Search code examples
assemblyx86simdsseavx

int8 x uint8 matrix-vector product with column-major layout


I'm hoping to speed up this matrix-vector product using AVX-1 or earlier instructions:

    // a is an array N columns of length M each
    // b is length N
    // c is length M
    //
    // M % 32 == N % 32 == 0
    // all memory is nicely aligned and unaliased
    
    void mat_vec_prod(const int8_t** a, const uint8_t* b, int16_t* c) {
        for(int i = 0; i < M; ++i) {
            c[i] = 0;
            for(int j = 0; j < N; ++j)
                c[i] += int16_t(a[j][i]) * int16_t(b[j]);
        }
    }

(I'm aware that swapping the loops is worth considering)

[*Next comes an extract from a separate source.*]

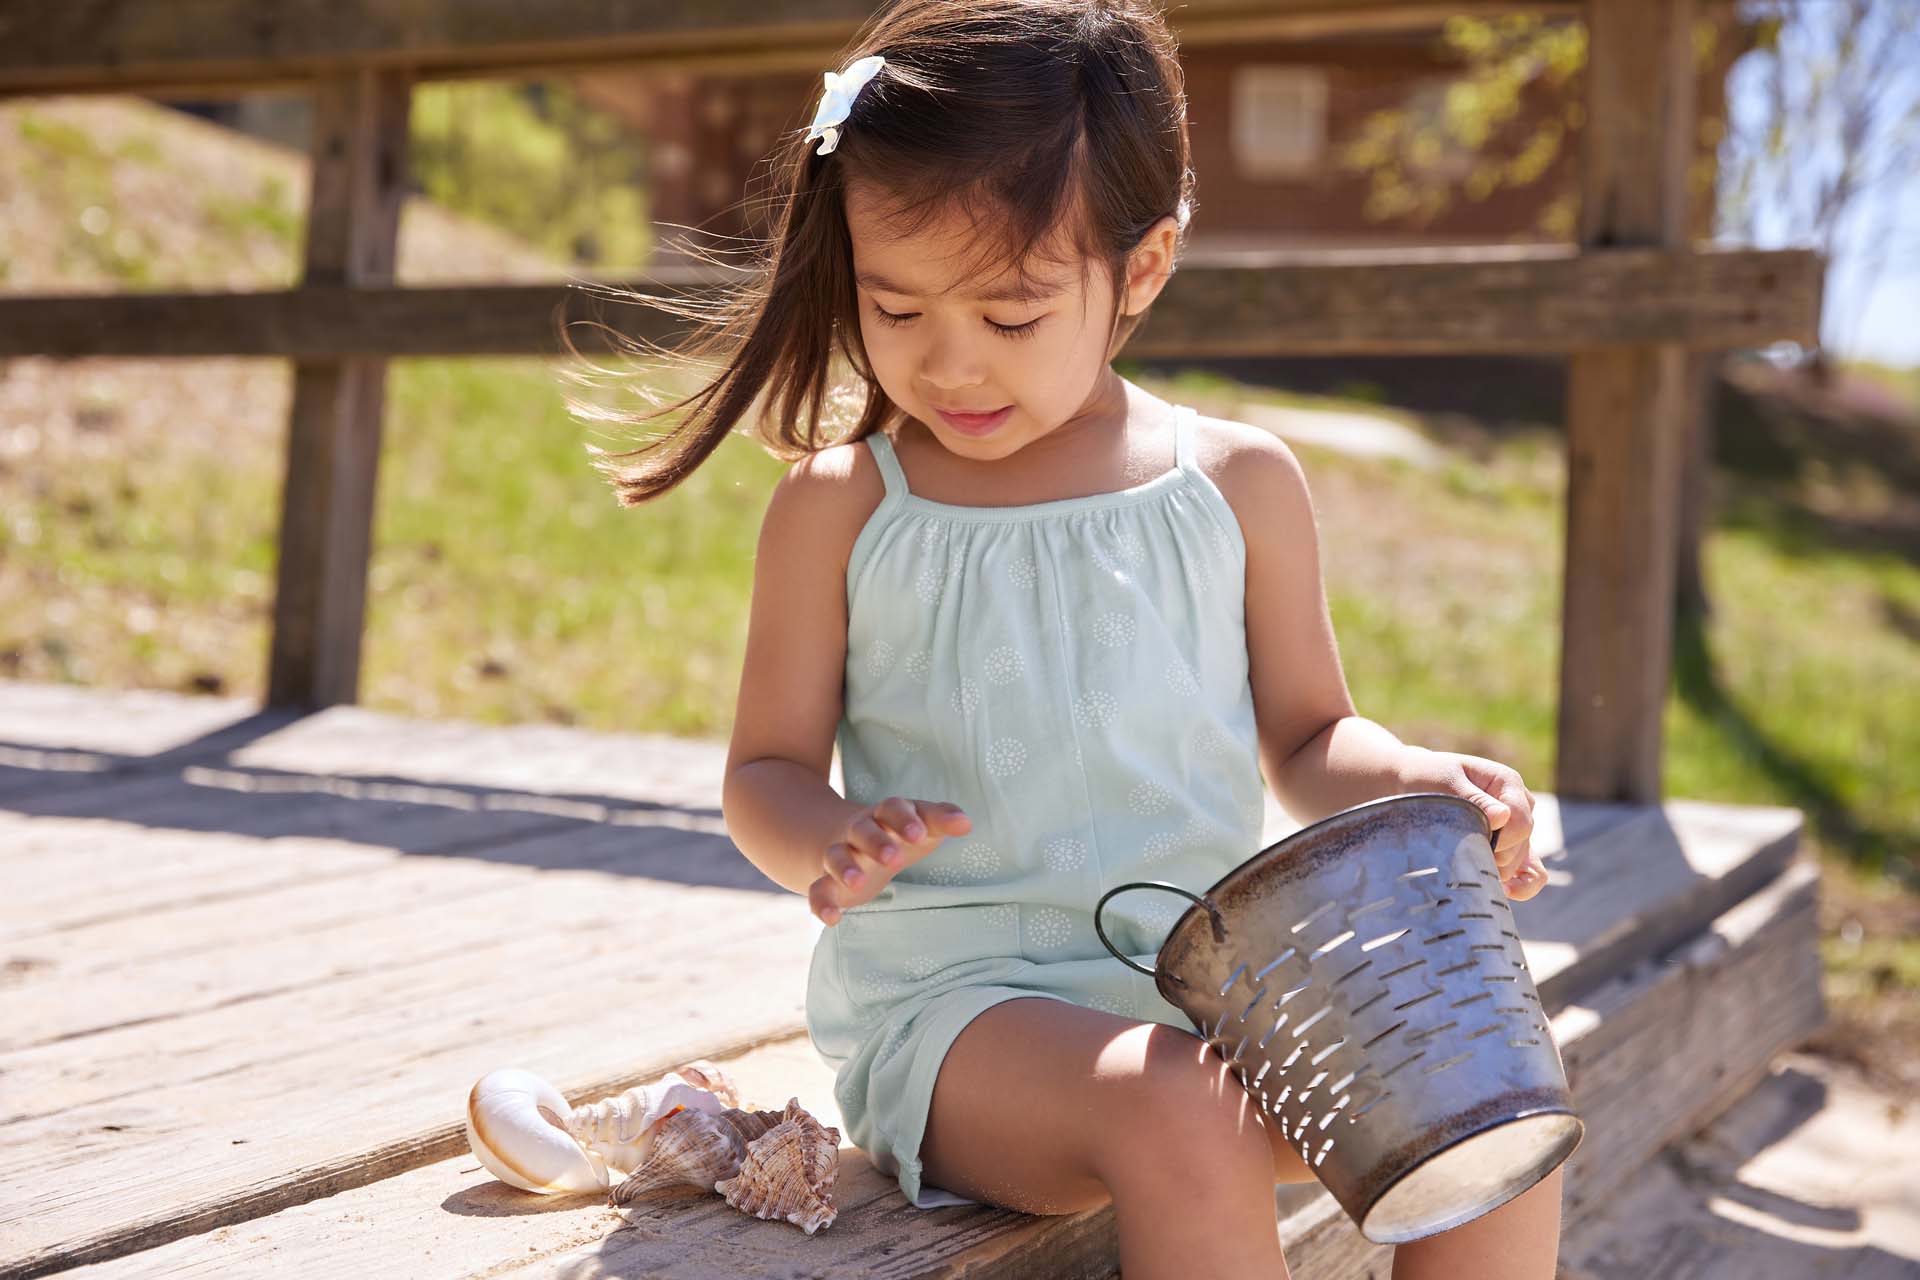 A young girl in a light blue romper sits on a wooden deck, examining seashells next to a metal bucket in a sunny, outdoor setting.

The intrinsics _mm_maddubs_epi16 and _mm_maddubs_pi16 could help with the uint8 x int8 dot product, but, in my case, the matrix has the awkward layout, where it's an array of pointers to columns (instead of rows).

One possibility is to load 8x8 patches of a, and then transpose and multiply them by segments of b. (I found this thread on 8x8 byte matrix transpose). However, this would have to use _mm_maddubs_pi16, which has only half the throughput of _mm_maddubs_epi16.

My question is: is it worth trying to load and transpose 16x16 patches instead, or will I run out of xmm registers? What should my strategy be here?


Solution

  • I'd go with the interleaving approach suggested by chtz.

    Read 32 or 64 bytes (aka a full cache line) from two rows, then interleave.

    32 bytes at least, as the width of each row % 32 == 0, and preferably 64 bytes, as that is a full cache line and it would take 8 accumulators out of 16 registers.

    Also I would guess that processing the input as blocks of (8, 16, or 32 rows) by (32 or 64 columns) would be better than processing all the rows; the more rows you process, the less you need to spill the accumulators to memory, with more rows processed in non-linear order the higher the probability of evicting soon to be needed lines from cache. 4 rows should be definitively on safe side.

    Interleaving b is quite naturally done by

    auto b0to7 = _mm_unpacklo_epi16(b,b);
    auto b8tof = _mm_unpackhi_epi16(b,b);
    auto b01 = _mm_shuffle_epi32(b0to7, 0x00);
    auto b23 = _mm_shuffle_epi32(b0to7, 0x55);
    ...
    auto bef = _mm_shuffle_epi32(b8tof, 0xff);
    

    Another possibility of splitting the input to even/odd sequences would need 4 arithmetic instructions per 16 bytes, or 8 instructions per 32 bytes:

    // common terms
    auto b_even = _mm_set1_epi16(b[j] & 0x00ff);
    auto b_odd = _mm_set1_epi16(b[j] * 256);
    // per 16 input bytes in `a`
    auto mul_even = _mm_maddubs_epi16(row_j, b_even);
    auto mul_odd = _mm_maddubs_epi16(row_j, b_odd);
    sum_even = _mm_add_epi16(sum_even, mul_even);
    sum_odd = _mm_add_epi16(mul_odd, mul_even);
    

    This is clearly not as tight as

    auto prod_lo = _mm_unpacklo_epi8(row_j, row_jplus1);
    auto prod_hi = _mm_unpackhi_epi8(row_j, row_jplus1);
    prod_lo = _mm_maddubs_epi16(prod_lo, b01);
    prod_hi = _mm_maddubs_epi16(prod_hi, b01);
    sum_lo = _mm_add_epi16(sum_lo, prod_lo);
    sum_hi = _mm_add_epi16(sum_hi, prod_hi);
    

    but the shuffles can only execute on Port5 where as 2 mul/adds can start every cycle. They are probably quite close in performance.